**Task goal:** Output the listing below exactly, minus its images.

**Supplied data:**

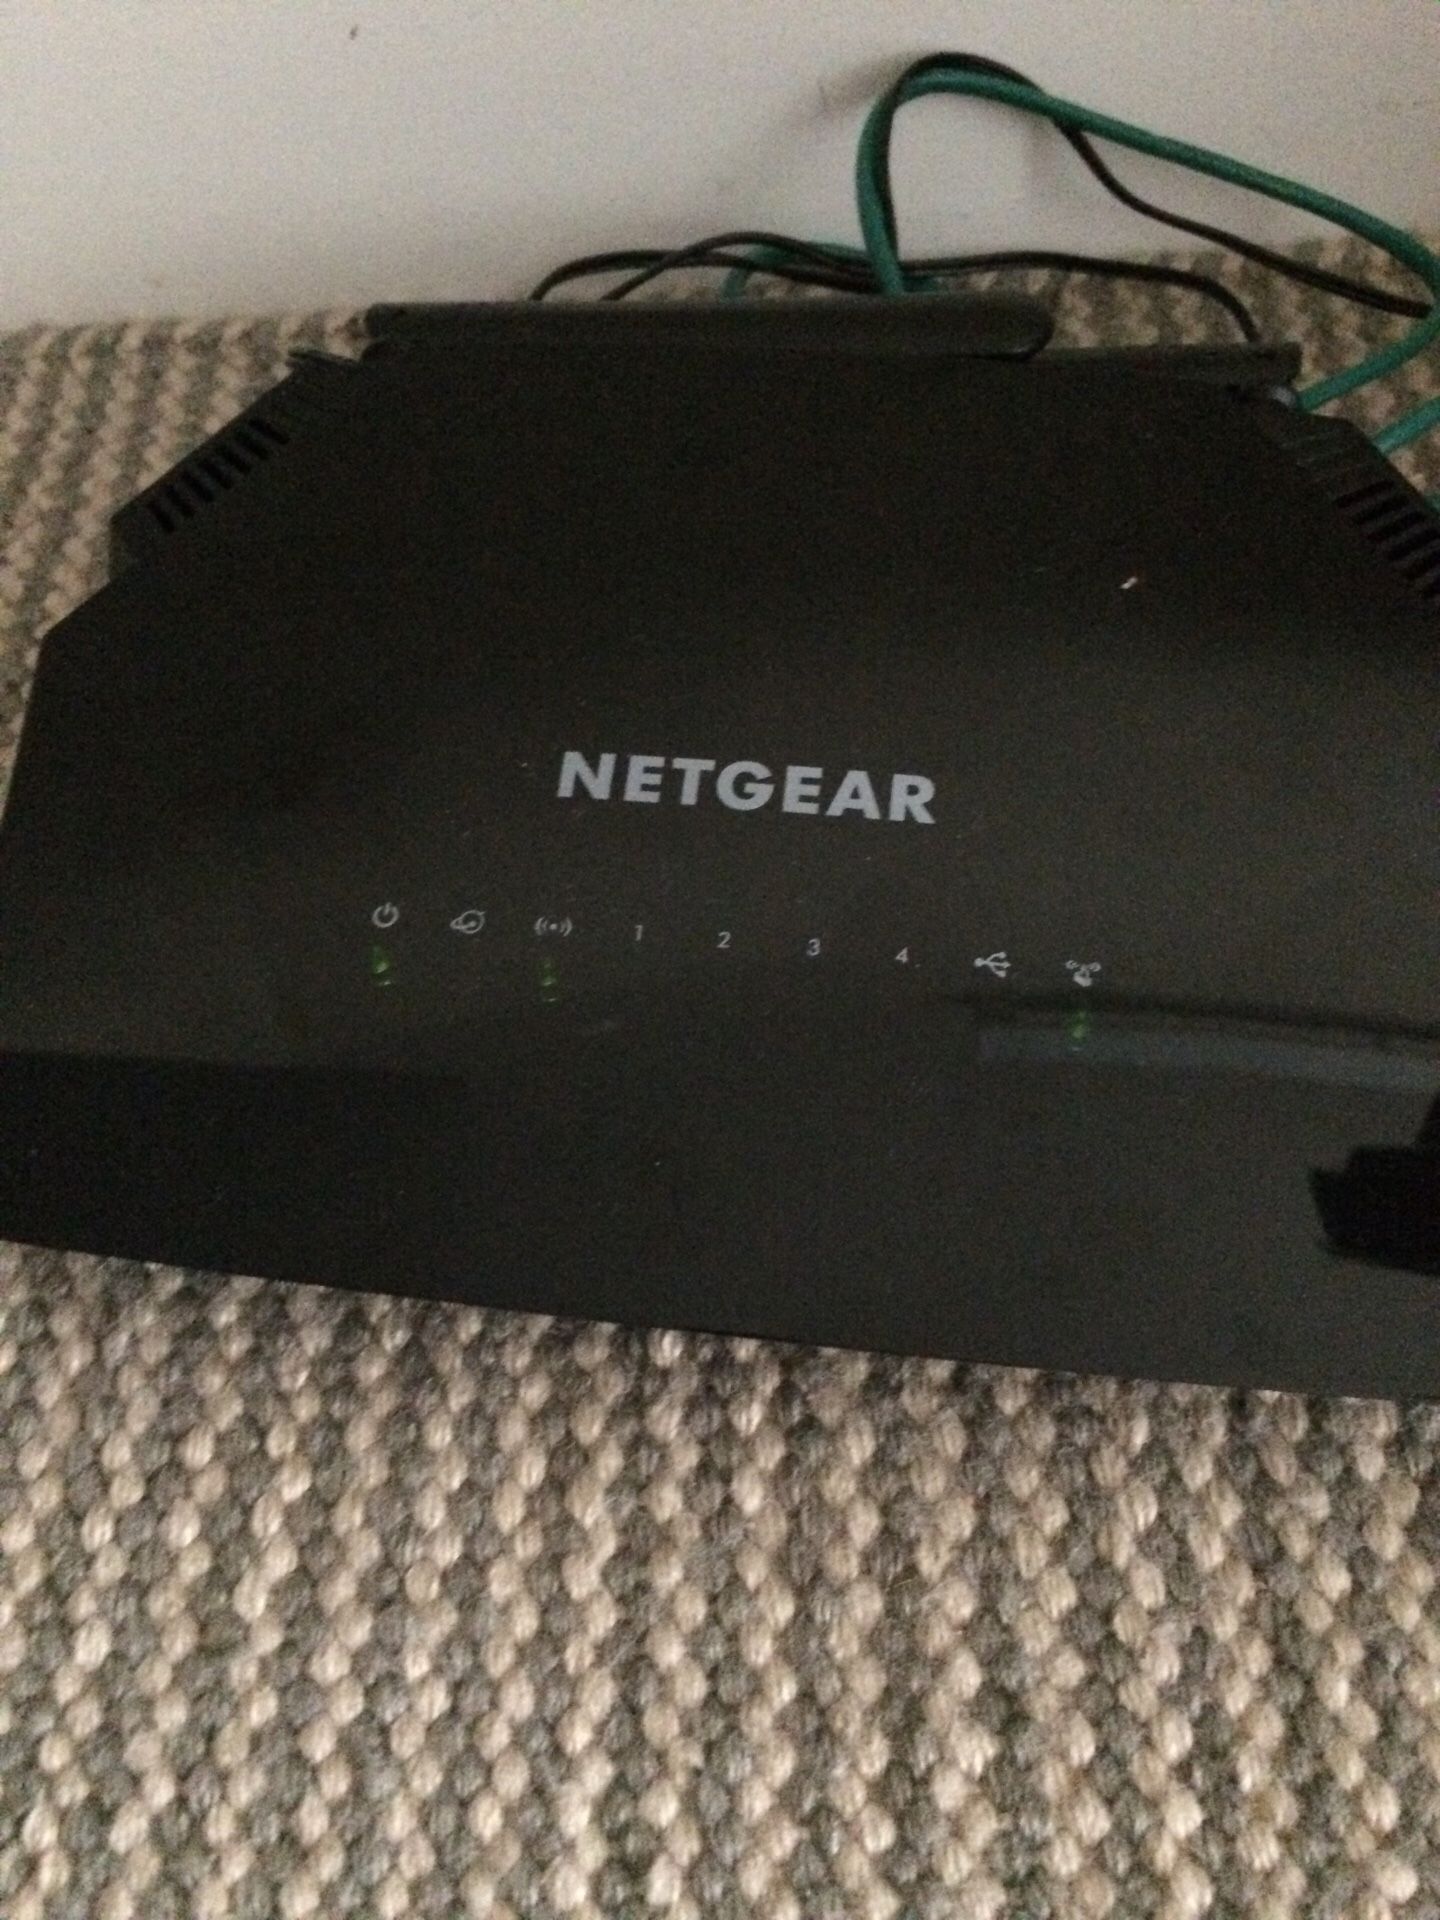 NETGEAR router
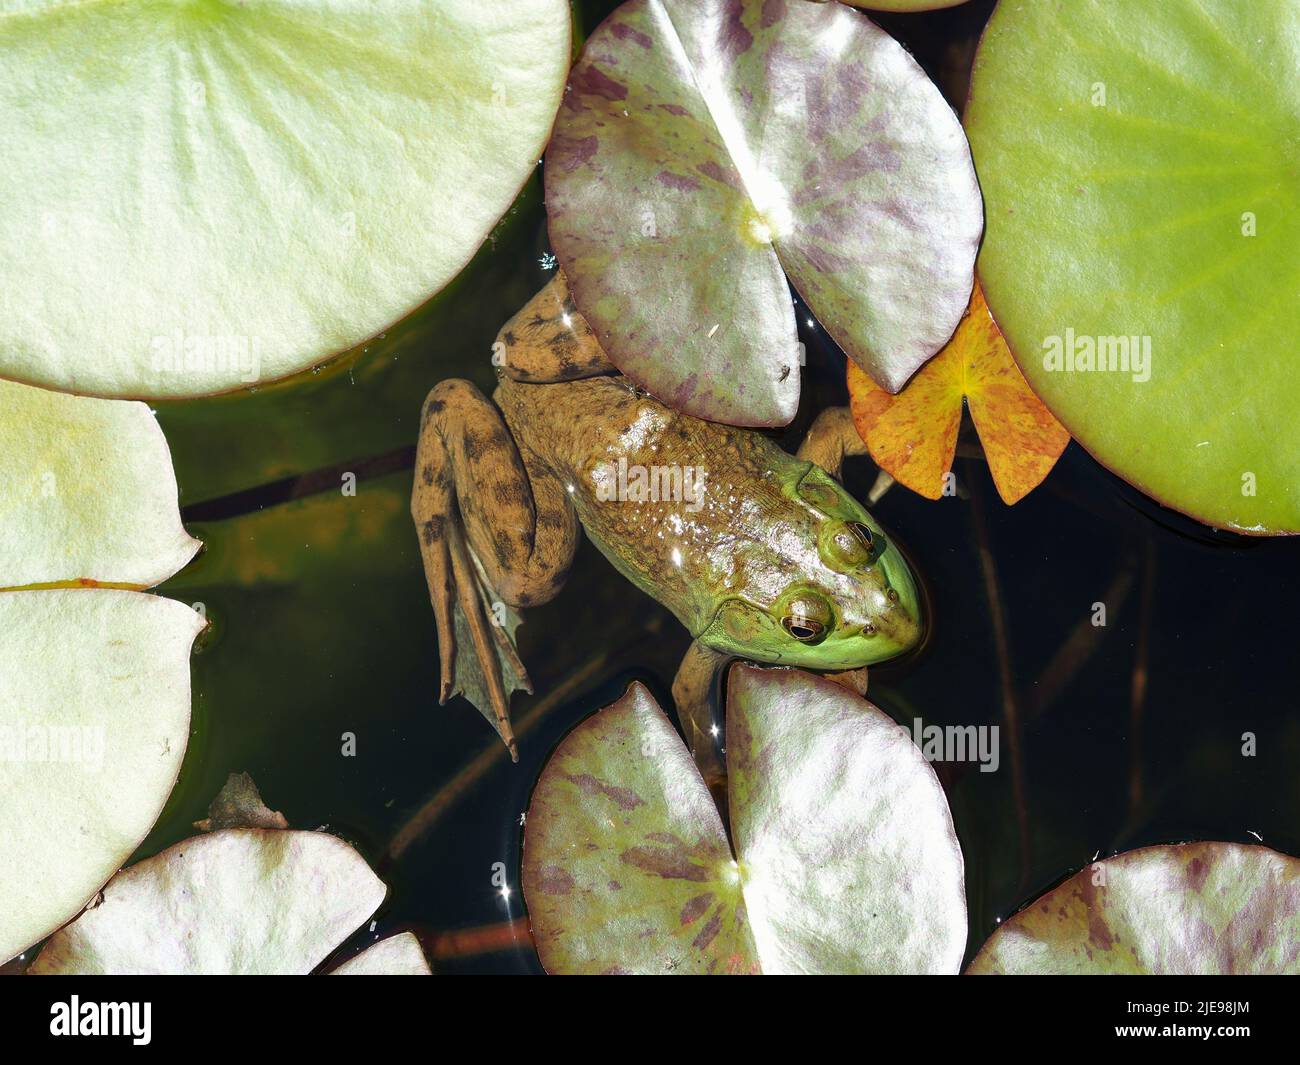 Una rana toro bien camuflada (Lithobates catesbeianus) entre las plataformas de lirios de un estanque de jardín en Ottawa, Ontario, Canadá. Foto de stock
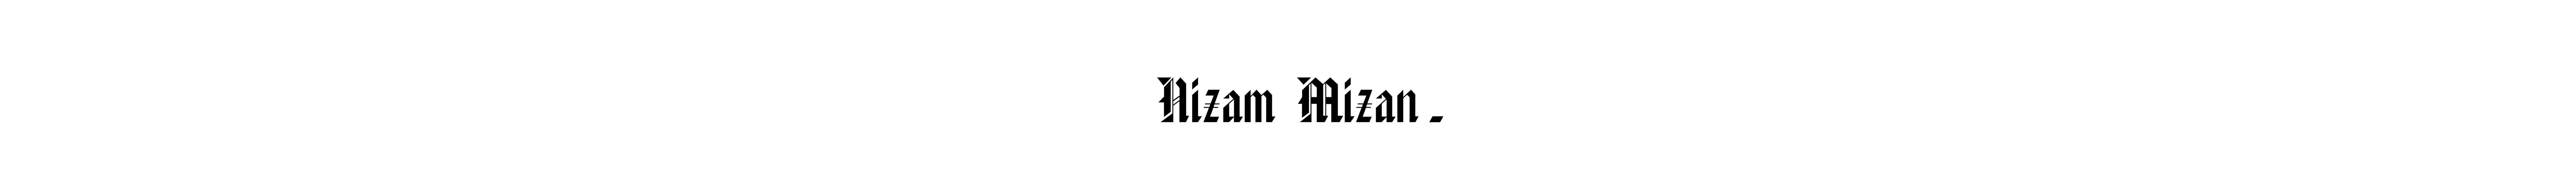 Nizam Mizan's profile banner

**Solution to this task:**
 NETGEAR router
 Una rana toro bien camuflada (Lithobates catesbeianus) entre las plataformas de lirios de un estanque de jardín en Ottawa, Ontario, Canadá. Foto de stock
 Nizam Mizan's profile banner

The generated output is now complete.